Preferably, in step S1, the BC membrane pretreatment process includes: soaking the BC membrane in a solution with the concentration of 0.5-2.0 mol.L^-1Treating in NaOH solution at a constant temperature of 70-90 ℃ for 1-3 h in a constant-temperature water bath, taking out the treated BC membrane, and rinsing the BC membrane to be neutral by using clear water; next, the cleaned BC film was cut into a predetermined size.

The present invention will be described in detail with reference to specific examples.

Example 1

The embodiment 1 of the invention provides a preparation method of an electrode film of a Cu-based flexible non-enzymatic lactate sensor, which comprises the following steps:

s1, preparing a conductive BC/c-MWCNTs nano composite membrane:

preparing 100mL of uniform suspension of c-MWCNTs (multi-walled carbon nanotubes) with the concentration of 1mg/mL, and adding a certain amount (9 multiplied by 10)^-4mol·L^-1) The cetyl ammonium bromide (CTAB) and the c-MWCNTs uniform suspension are mixed to improve the dispersibility of the suspension, and then the suspension is ultrasonically dispersed for 5 hours at room temperature by an ultrasonic cleaner with the power of 300W and the frequency of 40kHz to prepare the c-MWCNTs suspension.

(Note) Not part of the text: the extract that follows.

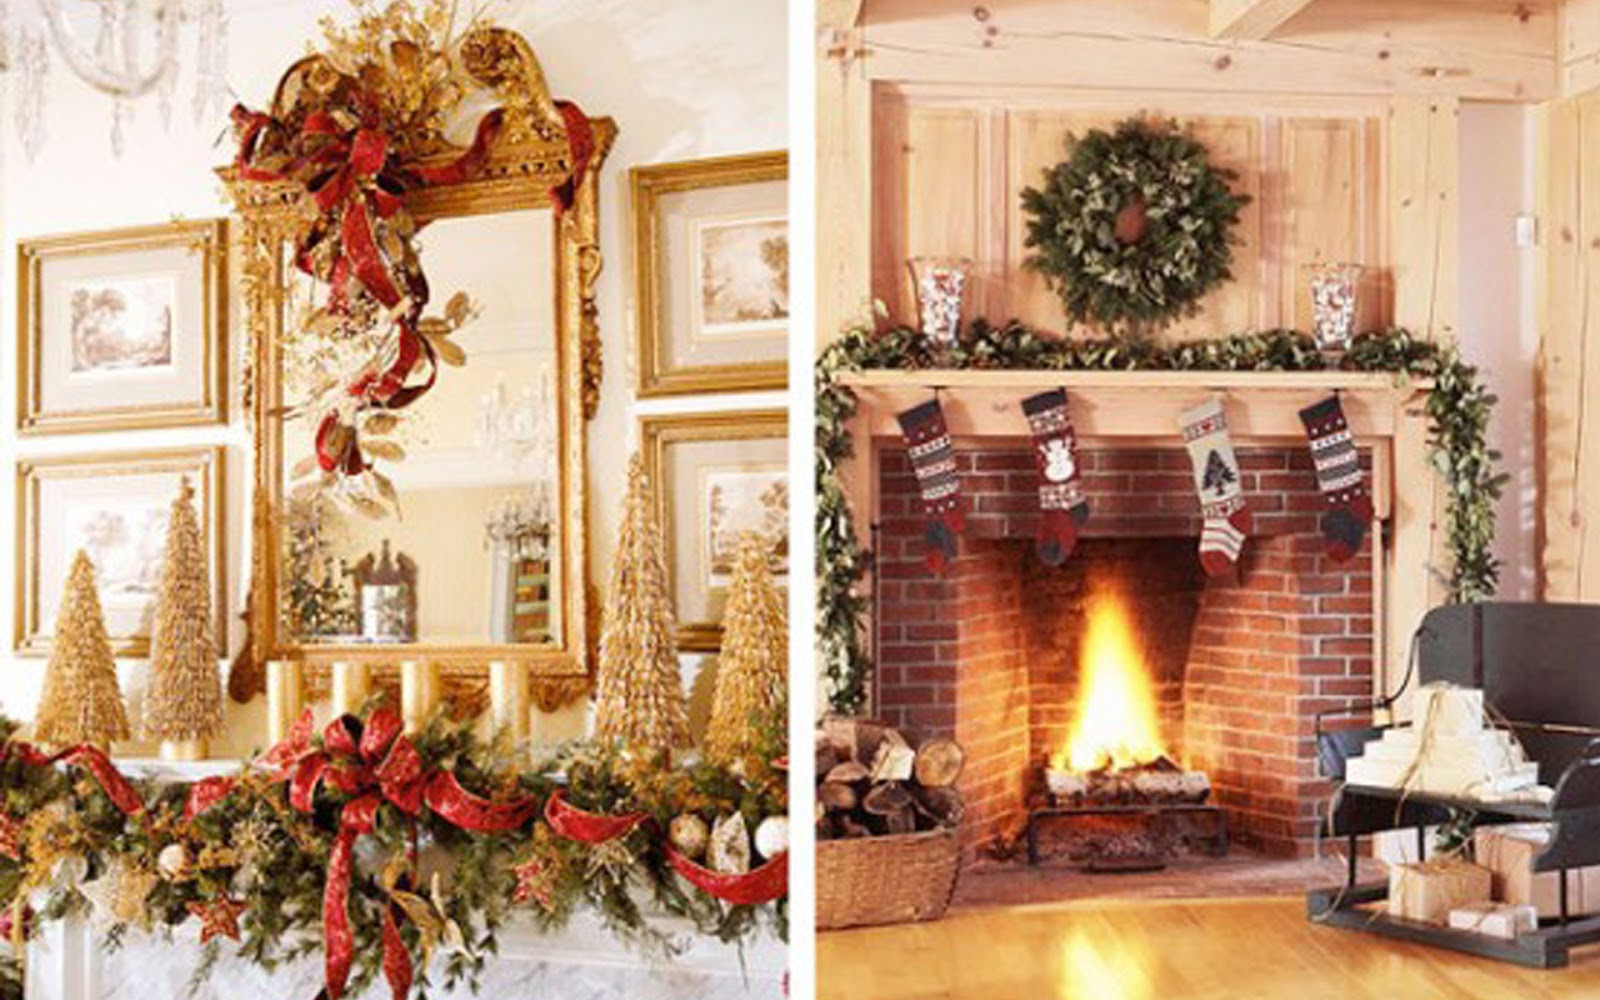 Christmas Home Decor Pinterest
 Decorate your Mantel or Chimney for Christmas Let s

Soaking BC membrane in the solution with the concentration of 1 mol.L^-1Treating in a constant-temperature water bath kettle at 80 ℃ for 2 hours to remove nutrient components and viable bacteria, taking out the treated BC membrane, and rinsing with deionized water until the pH value is 7; and then, preparing the cleaned BC membrane into a rectangular sheet with the thickness of 1cm multiplied by 2cm, soaking the BC membrane in the prepared c-MWCNTs suspension for ultrasonic treatment for 5 hours, taking out the BC/c-MWCNTs composite membrane, washing the BC/c-MWCNTs composite membrane by water to remove the c-MWCNTs with the surface not firmly combined, and obtaining the conductive BC/c-MWCNTs nano composite membrane for later use.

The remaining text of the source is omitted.